I mentioned, in response to her question that I was working on the lawn 
culture.  She looked a bit blank at this, so I shared with her the sheep 
struck by lightning in Hyde Park in 1859 (that came from another 
project, but I am allowed to cross-fertilise :-) and she launched into a 
story about Prudence the cow, who regularly escaped from her home and 
munched through the French ambassador's garden, and how she was sent 
around at the age of three to apologise for Prudence's indiscretion, not 
only to the ambassador, but to his Scottish gardener, Angus.

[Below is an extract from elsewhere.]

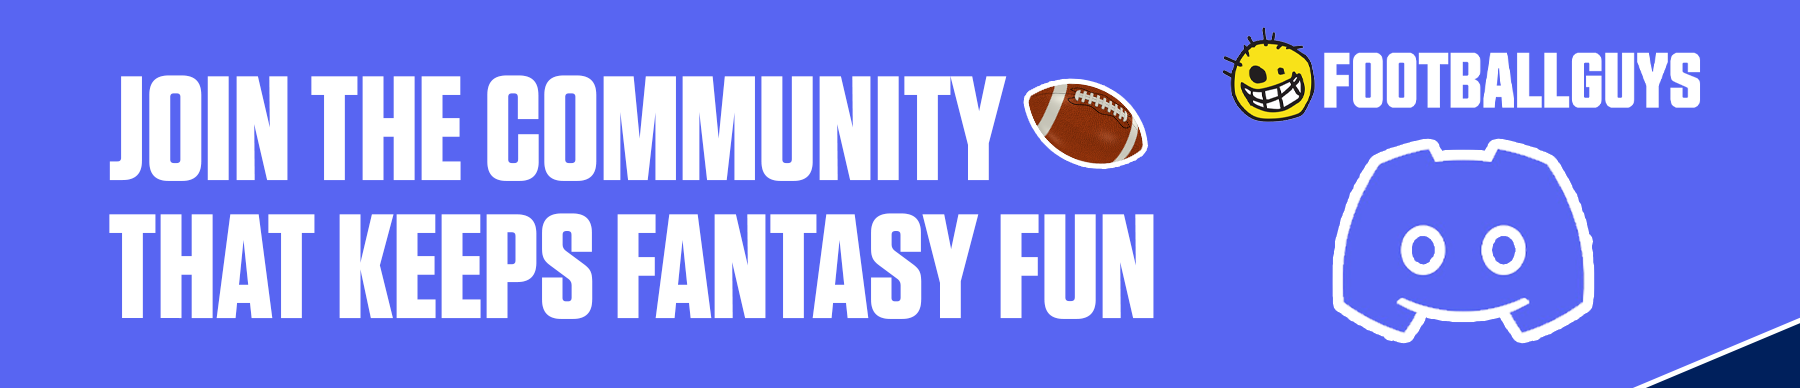 Footballguys Fantasy Football Discord Server

It all sounded a bit Beatrix-Potterish, but she had the yarn, chapter 
and verse.  The ambassador spoke in French, she said, which she was 
already learning.  Canberra at that time was only a few thousand people, 
and she was (it seems) being hothoused.  She was learning the piano, and 
regularly visited the embassy to play the embassy piano, reputedly the 
best in Canberra.  In those innocent days, small girls and cows called 
Prudence could wander at will, in and out of embassies.

About half an hour into our conversation, I had the idle thought that 
she must have been the love-child of Florence Nightingale and Henry 
Kissinger -- she knew too many people for it to be otherwise.  An hour 
later, the ancient mariner came to mind.  I was the wedding guest that 
was stoppethed, but even though my study of lawns was stymied, we kept 
talking -- and it wasn't all her fault as we ranged over microcredit 
(she had met the originator), politics, arid zones, the nature of good 
questions, education, the homeless of Sydney, environmental issues, 
Scottish history ("all my family died at Glencoe" she said, but then 
amended that to admit just enough survivors in her line to allow her 
existence).  At two and a half hours, she mentioned the Ancient Mariner 
herself, and it was about then that I learned her name, as we exchanged 
emails.

Close to three hours after entering the room for a quick coffee, I left, 
and rushed in to have my books placed on hold for another day before 
tearing off across town for a meeting where (I must confess), I caught 
me playing the same role myself -- I think Ancient Marinerism may be 
contagious.

I blew a morning's work, but came out of it thinking differently.  She 
had told me bluntly that I was frittering, and should take some of my 
stuff and turn it into a PhD -- not my idea of fun, so I am unlikely to 
discipline myself to that extent, but the project she discerned within 
me is still a useful one, and I may tackle it, with a bit less rigour 
and more enjoyment.

She is in the middle of a long article on where Tony Blair went wrong -- 
I have at least some of the details but will not unveil them, though by 
way of an oblique hint, I did mention to her that she might do worse 
than look at Stratford Canning, a long-term British ambassador to 
Istanbul (or Constantinople, as it usually was to western nations, back 
then), as a counter-example of something.  I also gave her a weasel 
phrase from China's Cultural Revolution -- "leftist deviationist 
adventurism", which she had not encountered, and plans to adapt.

I lost a morning, but gained a new world -- or at least a valuable 
insight into a new world.  What I make of it is up to me.

peter

-- 
  _--|\   Peter Macinnis, feral word herder, & science gossip.
/     \  Inexplicable events coordinator and former designer
\.--._*  of medium & large-scale mistaken identity matrixes.